Repeat the entries exactly, and do not carry the pictures over.

EXTRACTED DATA Block Start

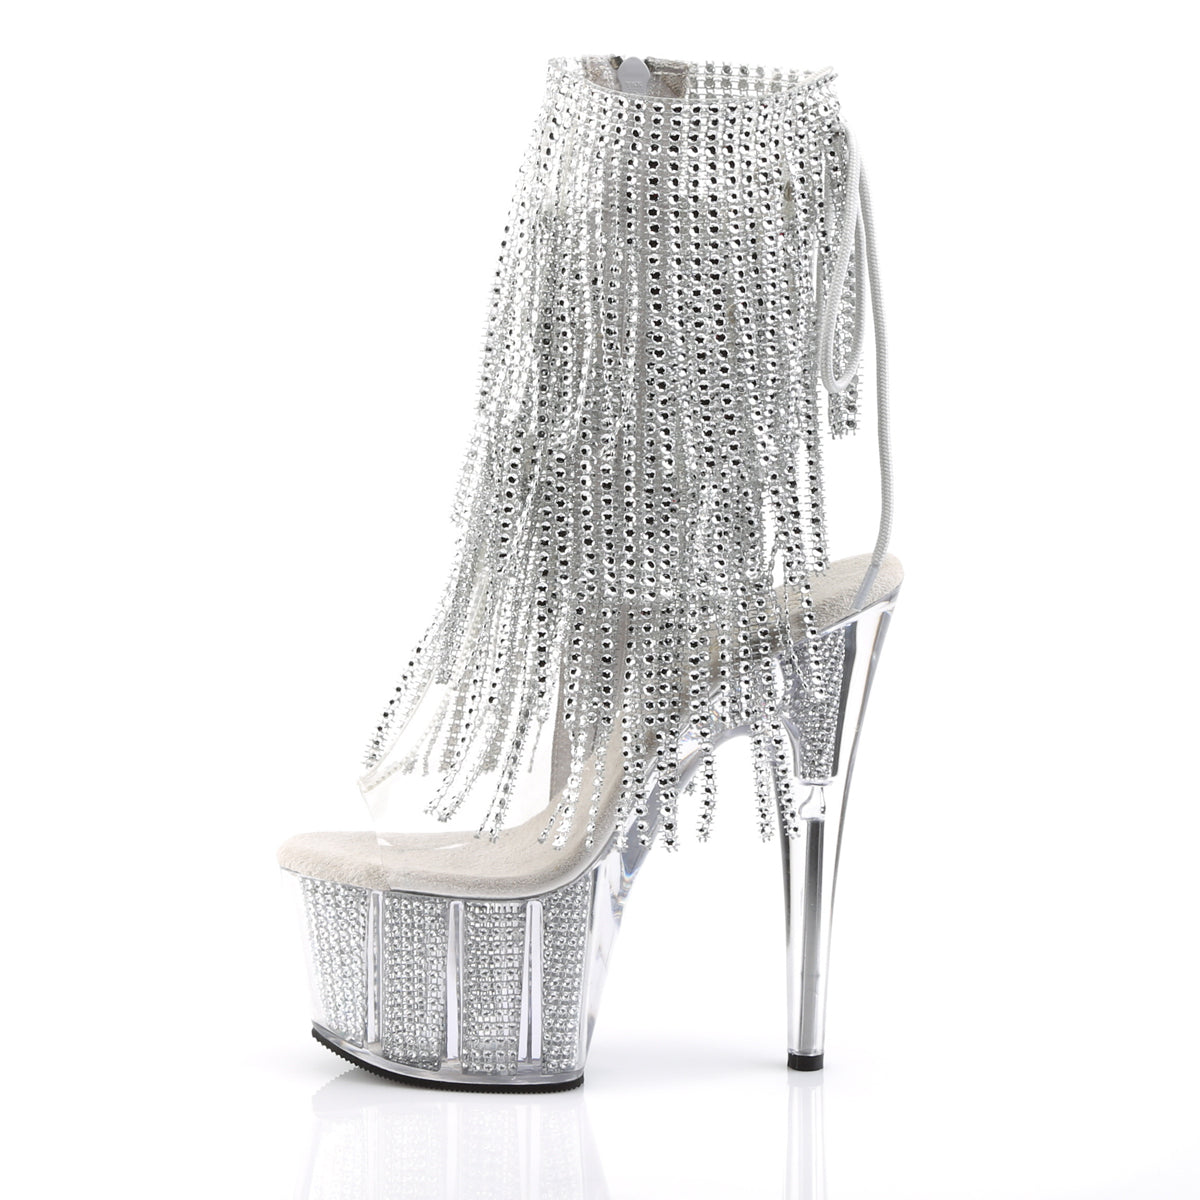 ADORE-1017SRS 7" Heel Clear and Silver Strippers Ankle Boots-Pleaser- Sexy Shoes Pole Dance Heels
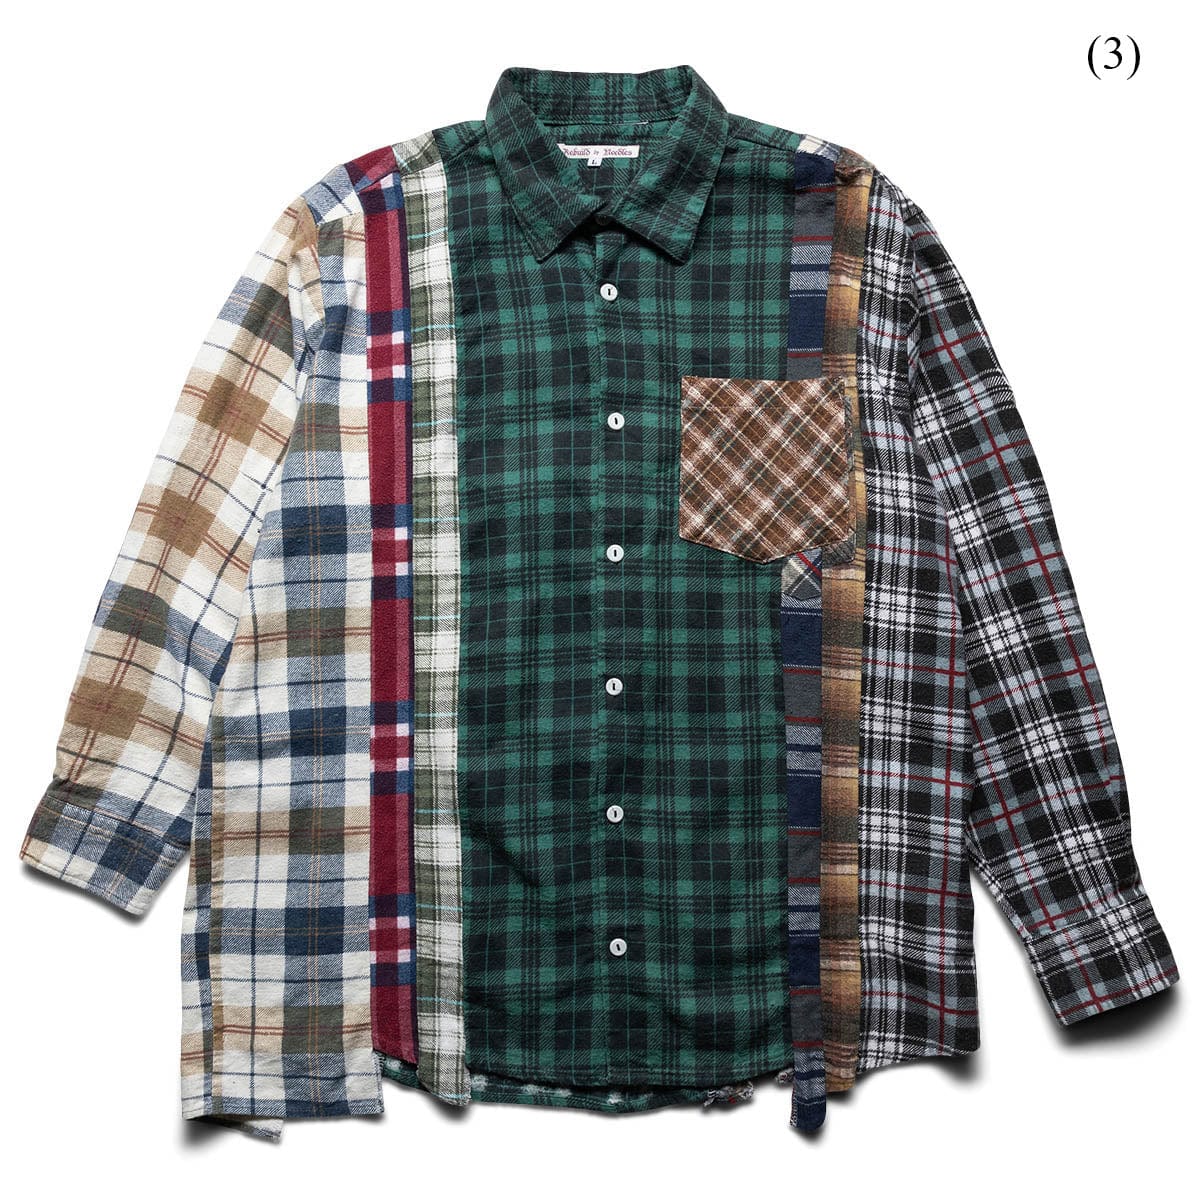 Needles Shirts ASSORTED / L (3) FLANNEL SHIRT - 7 CUTS SHIRT (LARGE/MULTIPLE STYLES)
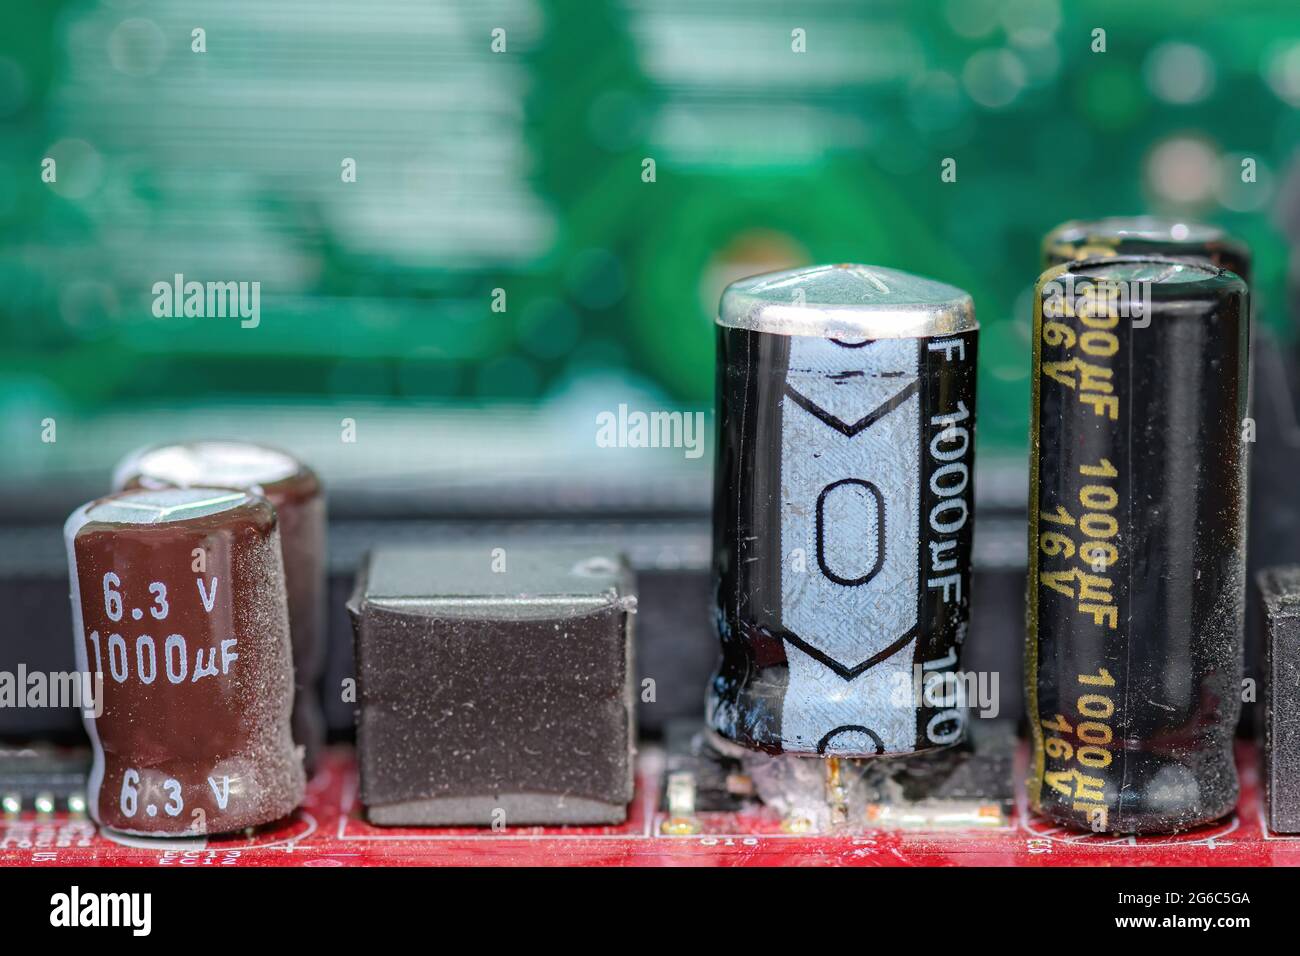 Damaged capacitor on a circuit board. Top is bulged out showing failure. Undamaged capacitors also present. No brand markings. Shallow depth of field. Stock Photo
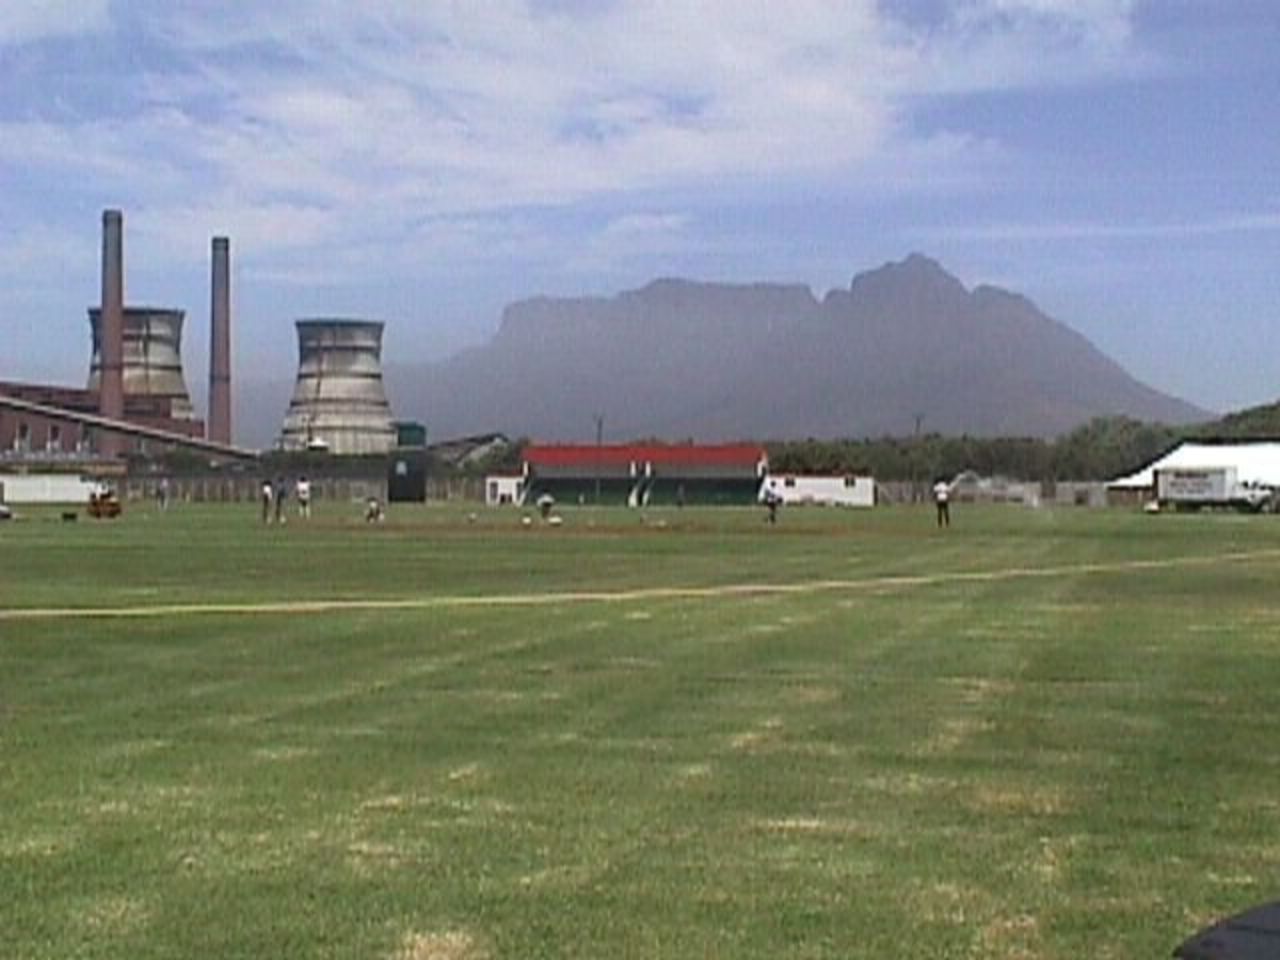 The Langa CC ground in the Langa township ( near Cape Town) , venue of the West Indies v Western Province match being played on Jan 9, '99.
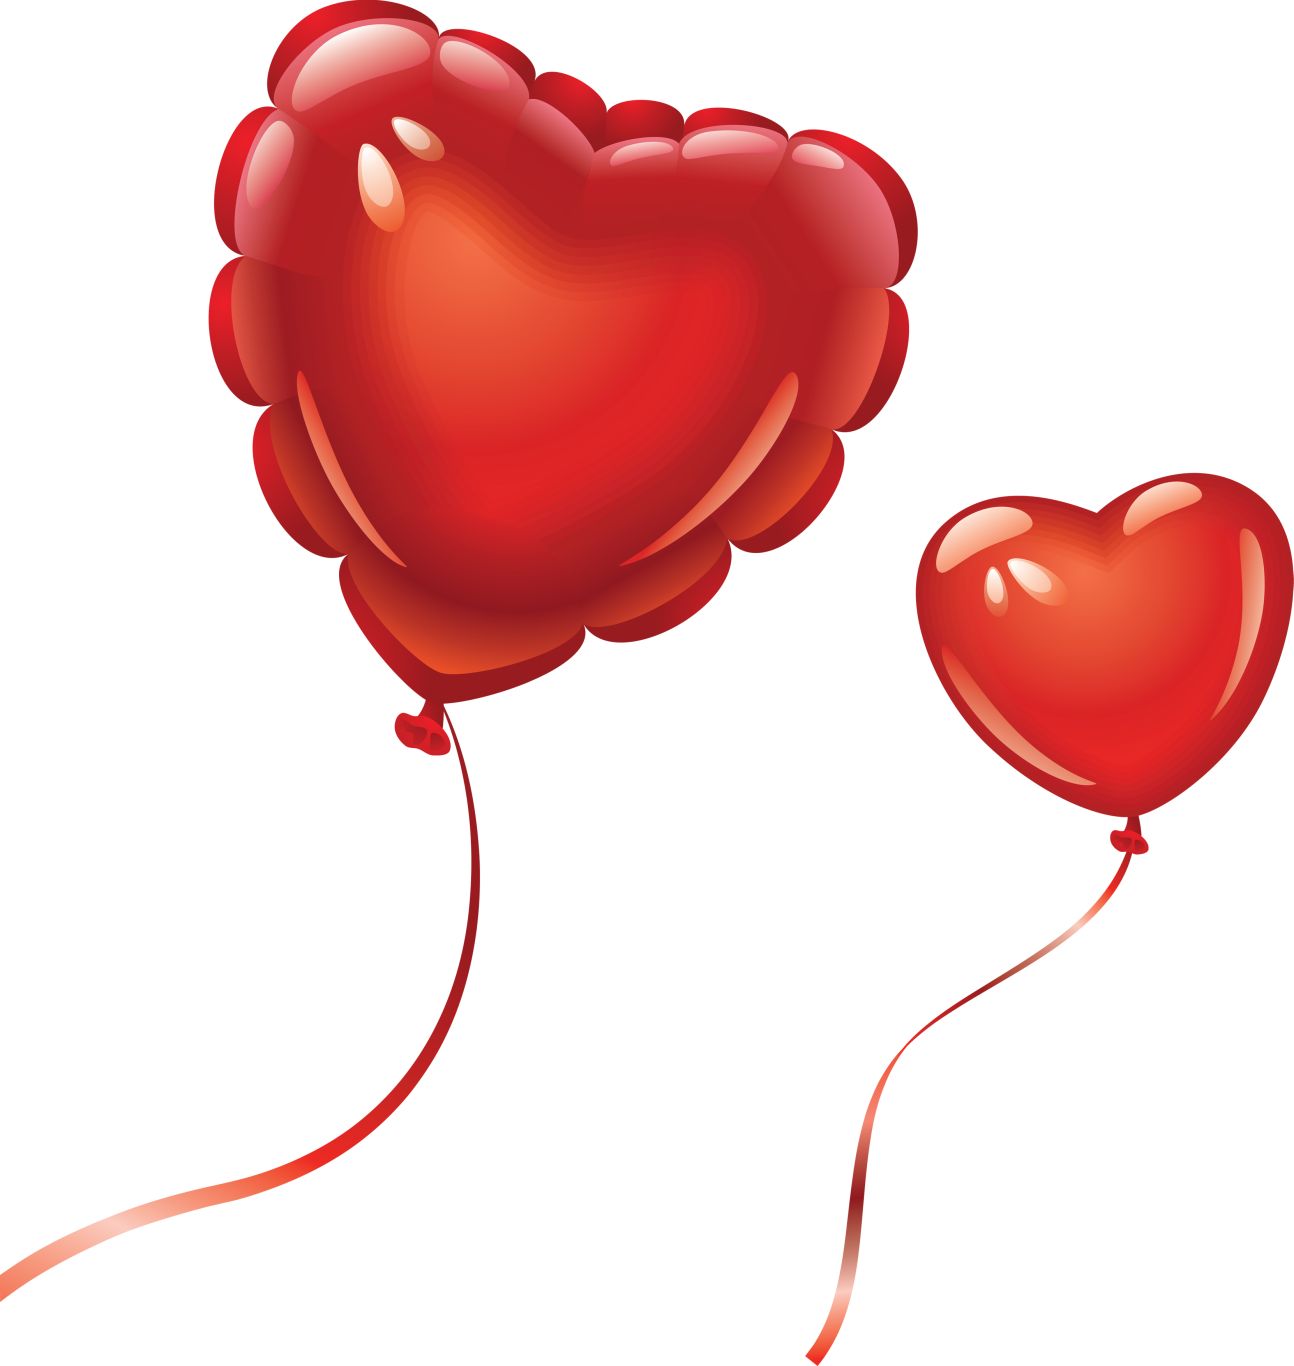 Heart balloon PNG image, free download, heart balloons    图片编号:3398
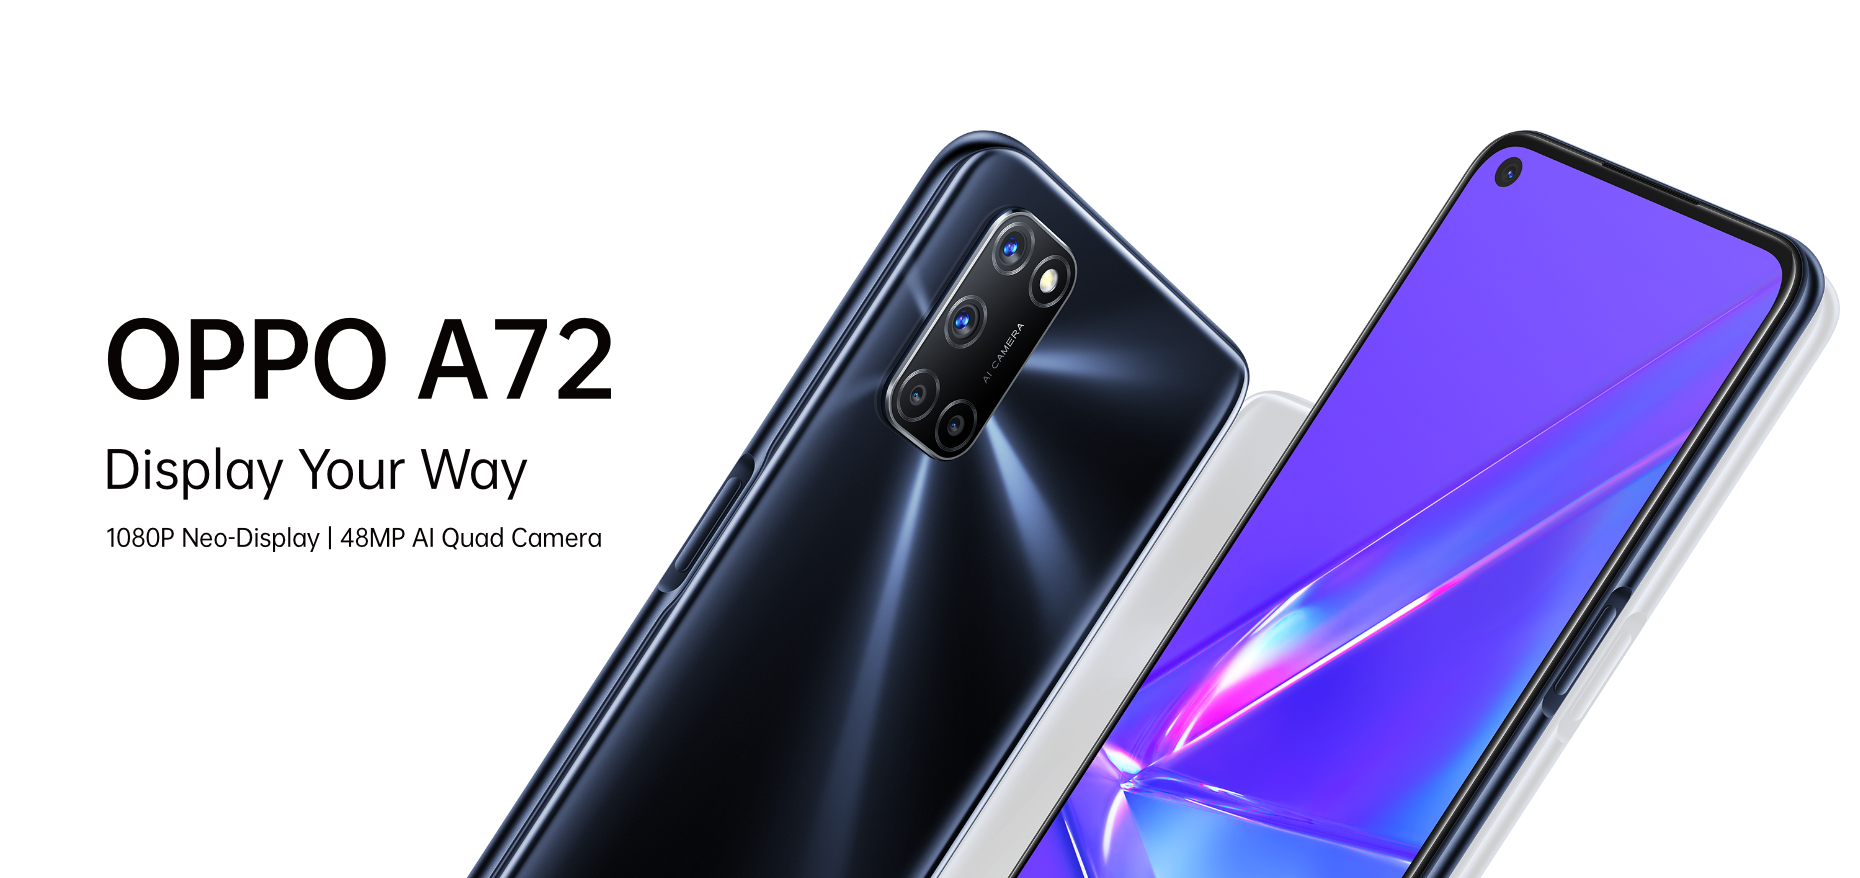 Oppo A72: Display Your Way. 1080P Neo-Display; 48MP AI Quad Camera

EXTRACTED DATA Block End

*RESPONSE AREA*
 ADORE-1017SRS 7" Heel Clear and Silver Strippers Ankle Boots-Pleaser- Sexy Shoes Pole Dance Heels
 Needles Shirts ASSORTED / L (3) FLANNEL SHIRT - 7 CUTS SHIRT (LARGE/MULTIPLE STYLES)
 Damaged capacitor on a circuit board. Top is bulged out showing failure. Undamaged capacitors also present. No brand markings. Shallow depth of field. Stock Photo
 The Langa CC ground in the Langa township ( near Cape Town) , venue of the West Indies v Western Province match being played on Jan 9, '99.
 Heart balloon PNG image, free download, heart balloons    图片编号:3398
 Oppo A72: Display Your Way. 1080P Neo-Display; 48MP AI Quad Camera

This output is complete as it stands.